Whereas, I have previously been led to believe that the Lebesgue Integral specifically refers to integration with respect to the Lebesgue Measure $m$ on $\mathbb{R}$.
I would be interested in knowing which of these these is correct or if I am possibly misunderstanding something. And if Lebesgue integration is the more general claim of integration with respect to any measure, then does this not mean that we have multiple different Lebesgue integrals depending on our choice of measure?

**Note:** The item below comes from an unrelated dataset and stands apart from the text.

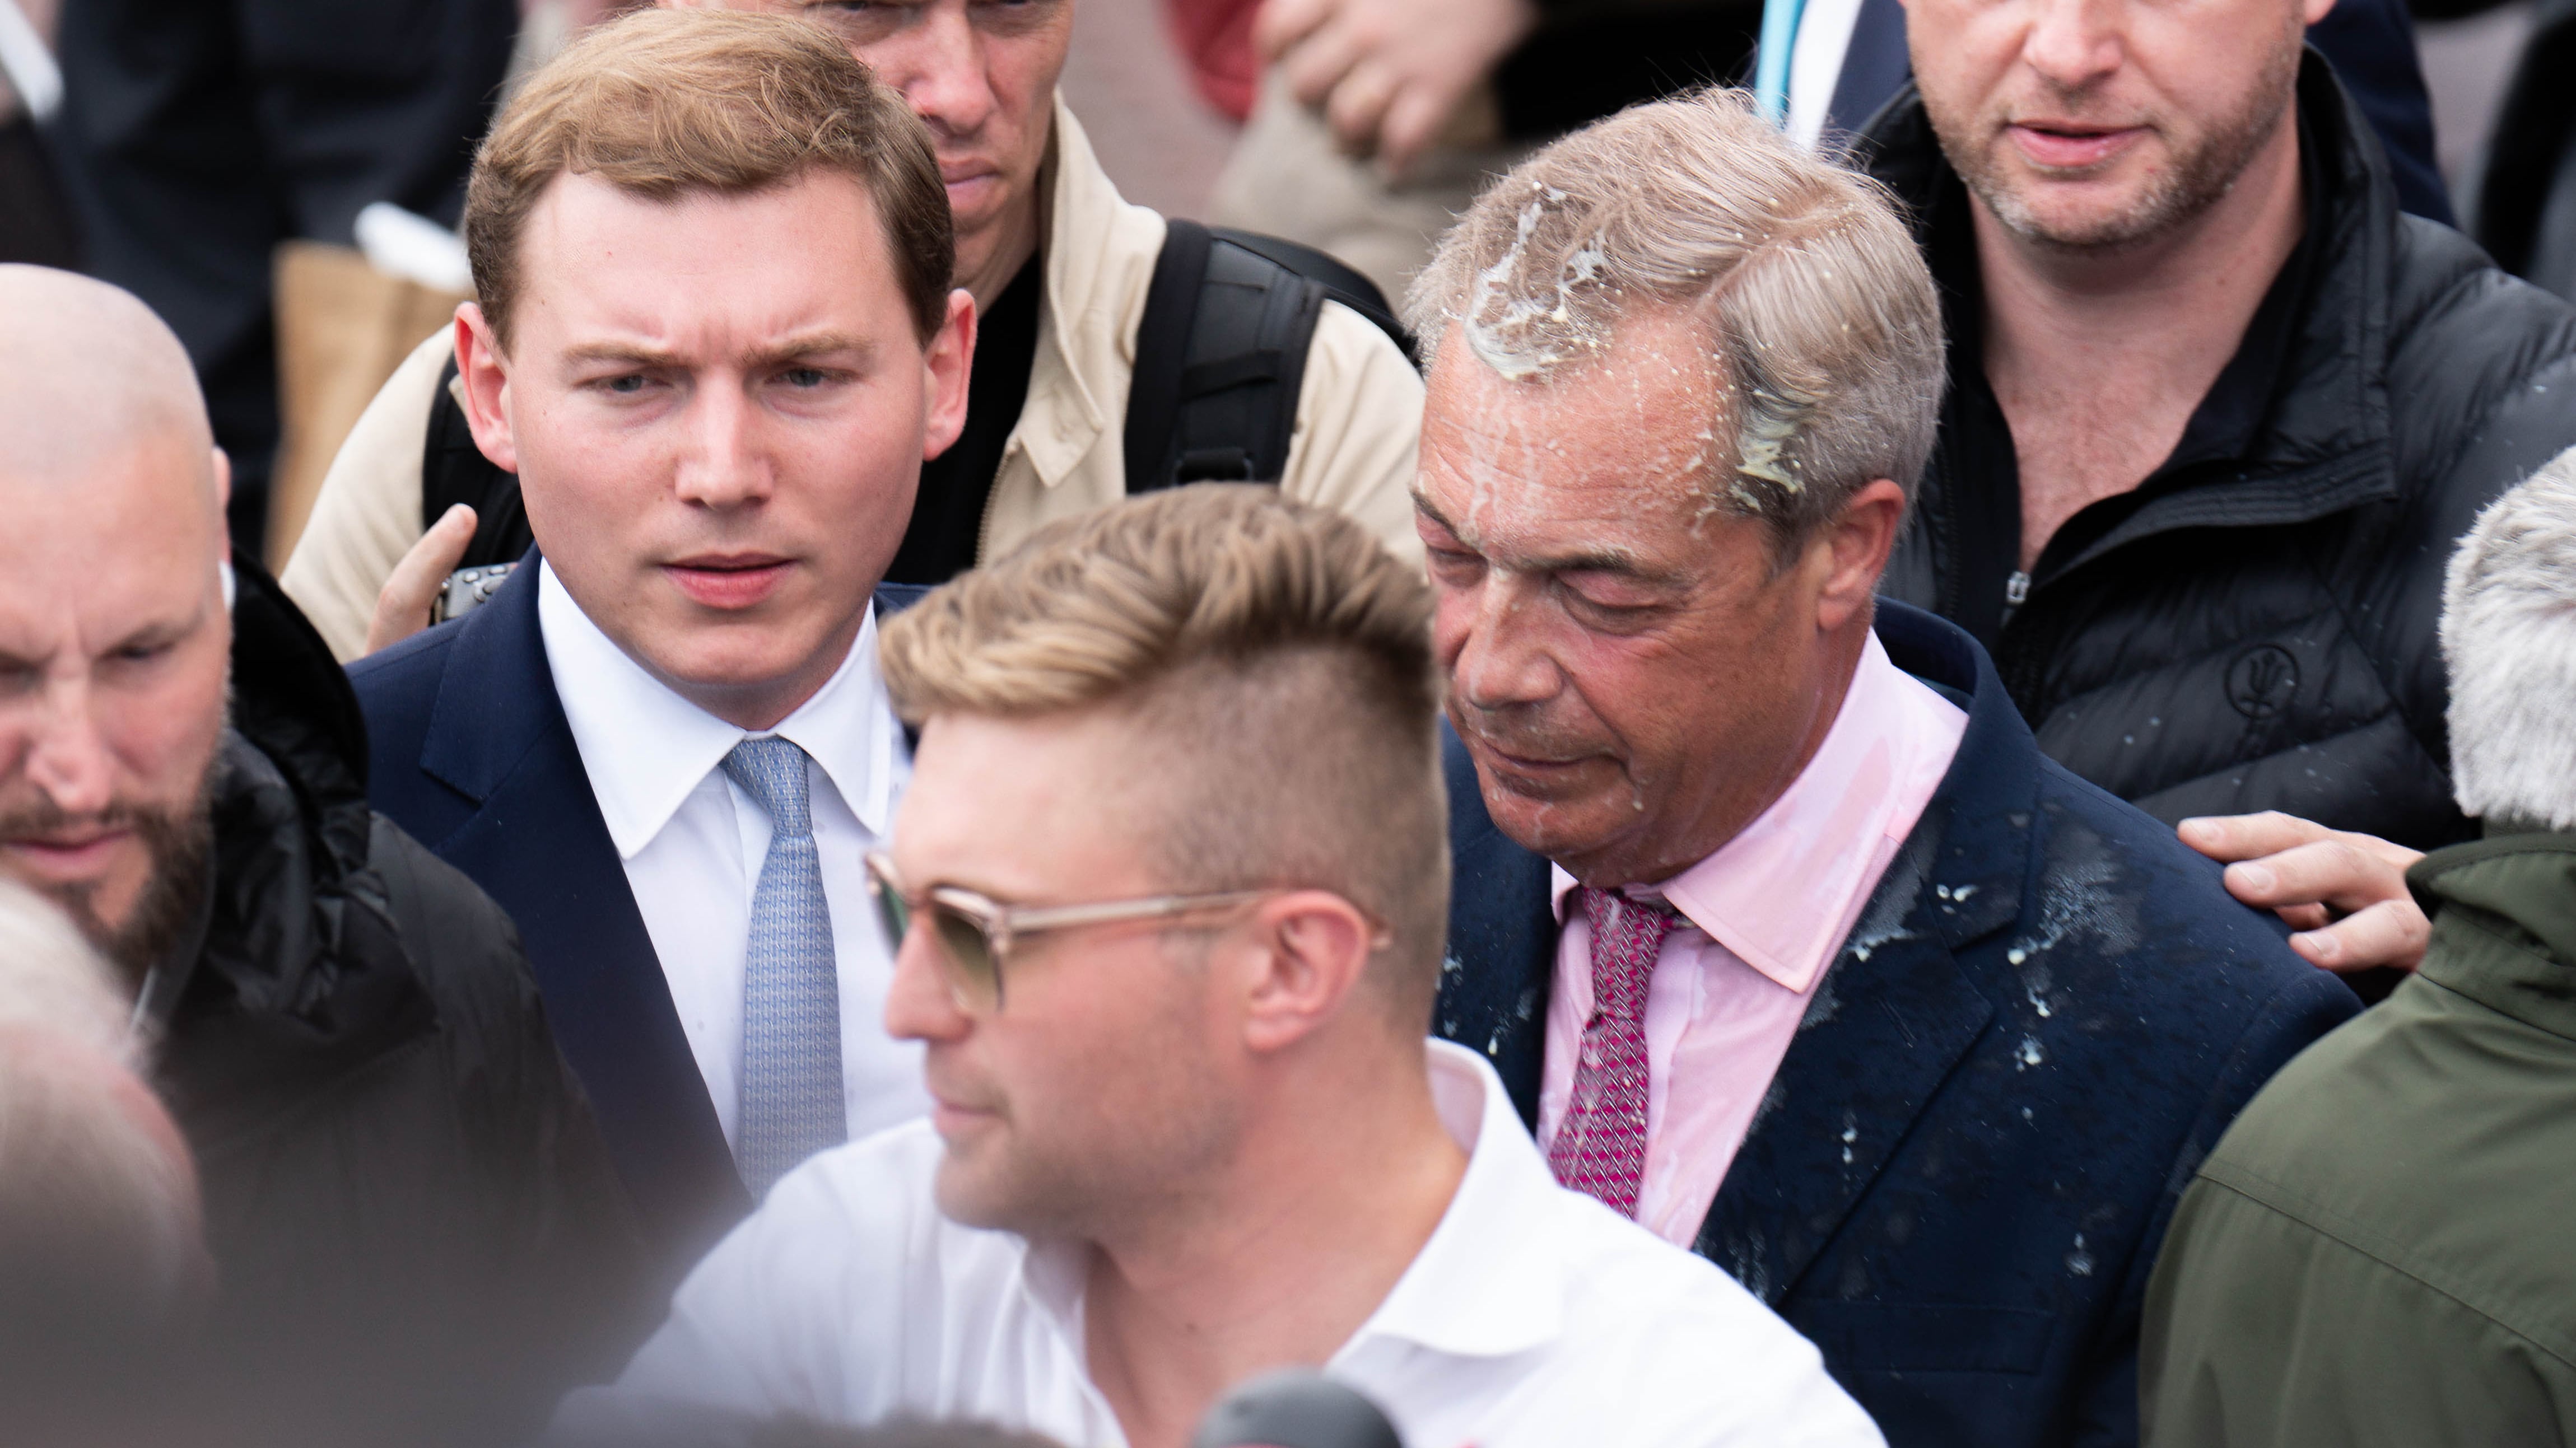 Leader of Reform UK Nigel Farage had a milkshake thrown over him as he left the Moon and Starfish pub after launching his General Election campaign in Clacton-on-Sea, Essex

 A: We define the (Lebesgue) integral with respect to an arbitrary measure space $(X,\mathcal{M},\mu)$, where $X$ is a set, $\mathcal{M}$ is a $\sigma$-algebra of subsets of $X$, and $\mu$ is an arbitrary measure. If we let $(X,\mathcal{M},\mu)=(\mathbb{R}^n,\mathcal{L},m)$, where $m$ is the Lebesgue measure and $\mathcal{L}$ is the Lebesgue measurable subsets of $\mathbb{R}^n$, we get one possible integral, but we could just as easily take $\mu=\mu_c$, the counting measure on $\mathbb{R}^n$ (where $\mu(A)$ is equal to the number of points in $A$), and $\mathcal{M}=2^X$, so that $\int_A f d\mu_c= \sum_{x_a \in A}f(x_a)$.
In the context of measure theory, we usually just use the term "integral" to refer to the integral defined above, and talk about the "integral with respect to the Lebesgue measure" when talking about the special case mentioned in your question, though this could also just be called the "integral" when the measure space is clear from context.
Edit: One more thing, the definition you give is the way you get from the integral defined for positive functions to the more general definition, and that isn't really important for your question. The definition you should make sure you understand is the one involving the suprema of integrals of simple functions; the definition you give follows very naturally after you understand this.